The Simple Service Discovery Protocol (SSDP) is a network protocol based on the Internet Protocol Suite for the advertisement and discovery of network services and presence information.
Why prevent an open SSDP service to run on my VPS?
Running an open (UDP) service is not bad on its own. Unfortunately, hackers have also found this feature useful in performing a special type of DDoS attack called an “amplification attack”.
Amplification attacks result in an attacker turning a small amount of bandwidth coming from a small number of machines into a massive traffic load hitting the attacked victim.

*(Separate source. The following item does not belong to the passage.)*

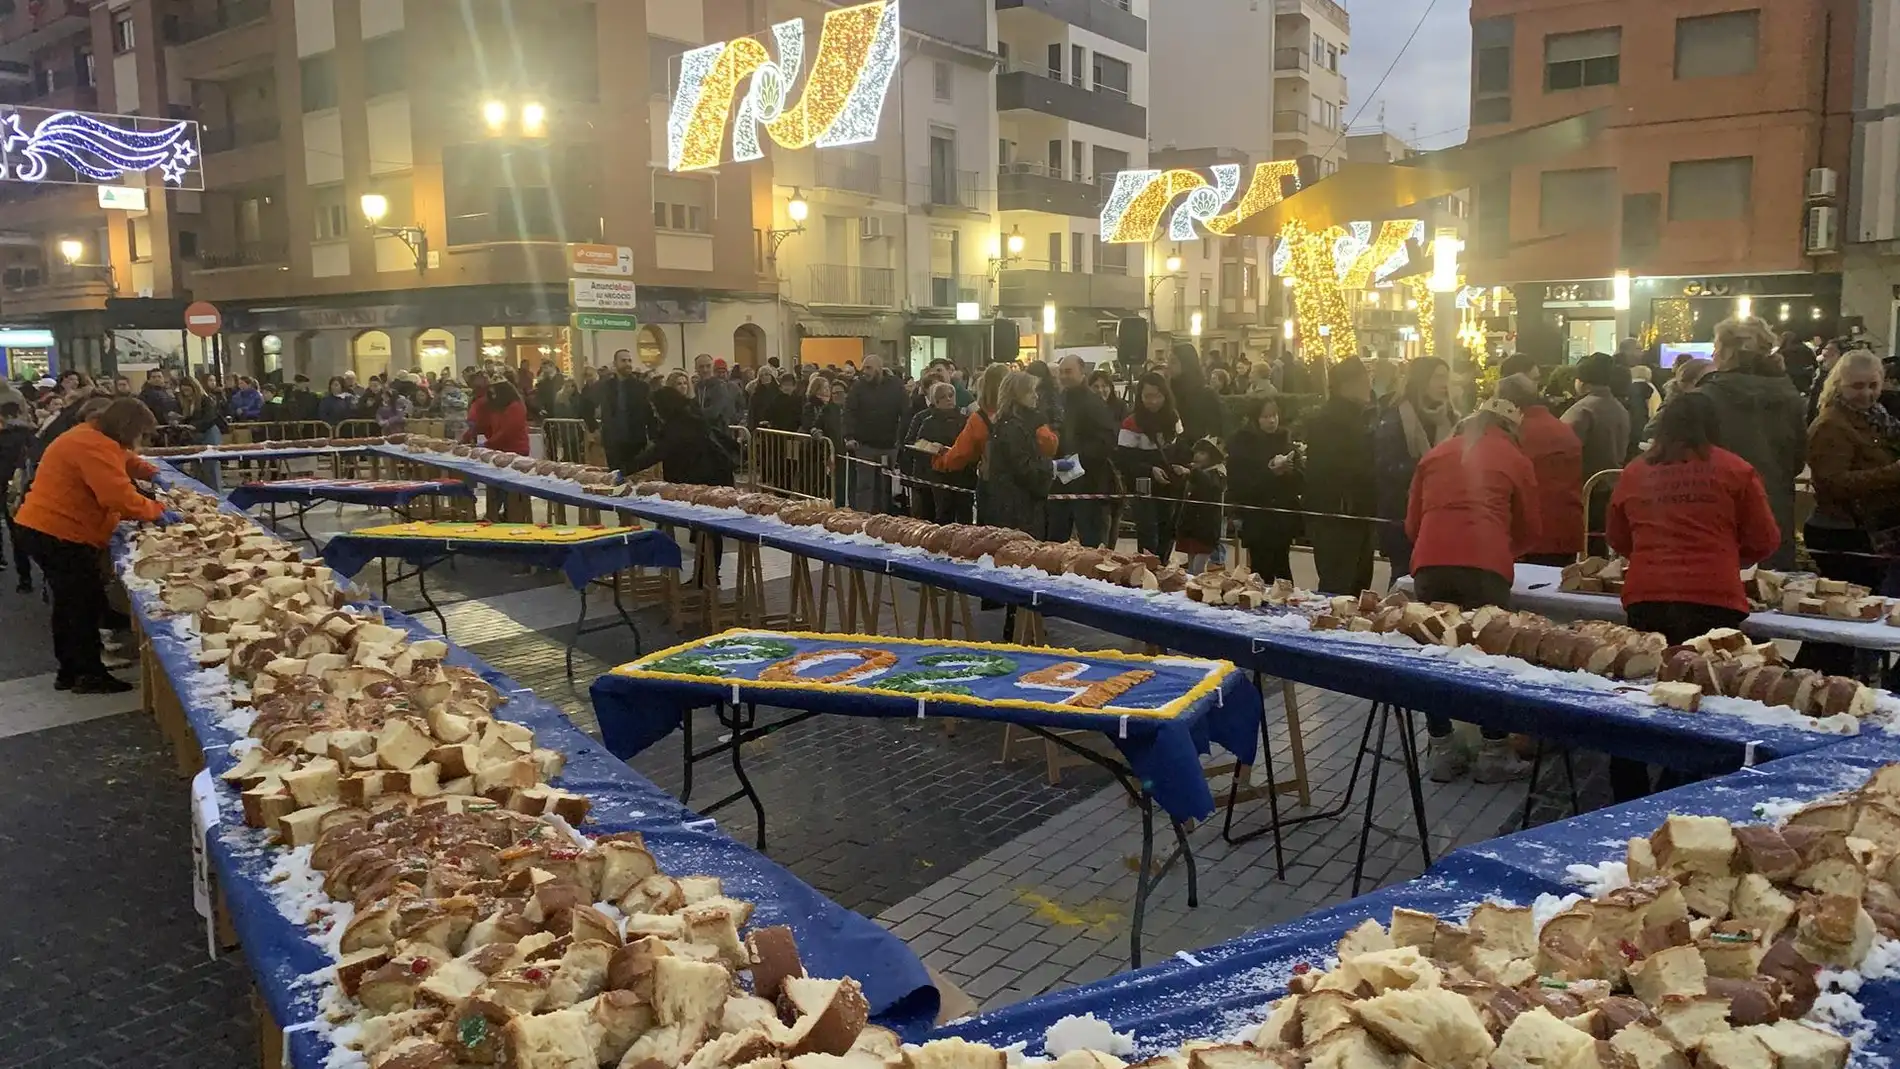 Más de 2.000 personas meriendan "a lo grande" el roscón de Reyes gigante que bate récords en Utiel

As a result, using the SSDP port on a Tilaa VPS is not recommended. We'll show you how to close this gate in this article.
You can use your firewall to block port 1900/udp
Recommended action to close the SSDP port
To see if your Linux-based server is vulnerable, you can use the following command to see if the port is still open or closed:
$ sudo nmap -sU -p 1900 --script=upnp-info IP
PORT STATE SERVICE VERSION
1900/udp open |filtered upnp
Ubuntu & Debian (Uncomplicated FireWall)
Command to close port 1900:
sudo ufw deny 1900
1. Close port 1900 using the following command:
sudo iptables -A INPUT -p udp --dport 1900 -j DROP
2. Restart your firewall as follows to apply the changes:
sudo iptables-save | sudo tee /etc/sysconfig/iptables
sudo service iptables restart
Firewalld (CentOS, DirectAdmin, Plesk, cPanel)
1. Close port 1900 using the command:
sudo firewall-cmd --zone=public --permanent --remove-port=1900/udp
2. Reload your firewall configuration with this command to apply the changes:
sudo firewall-cmd --reload
Your VPS is now safe from malicious use of SSDP port 1900!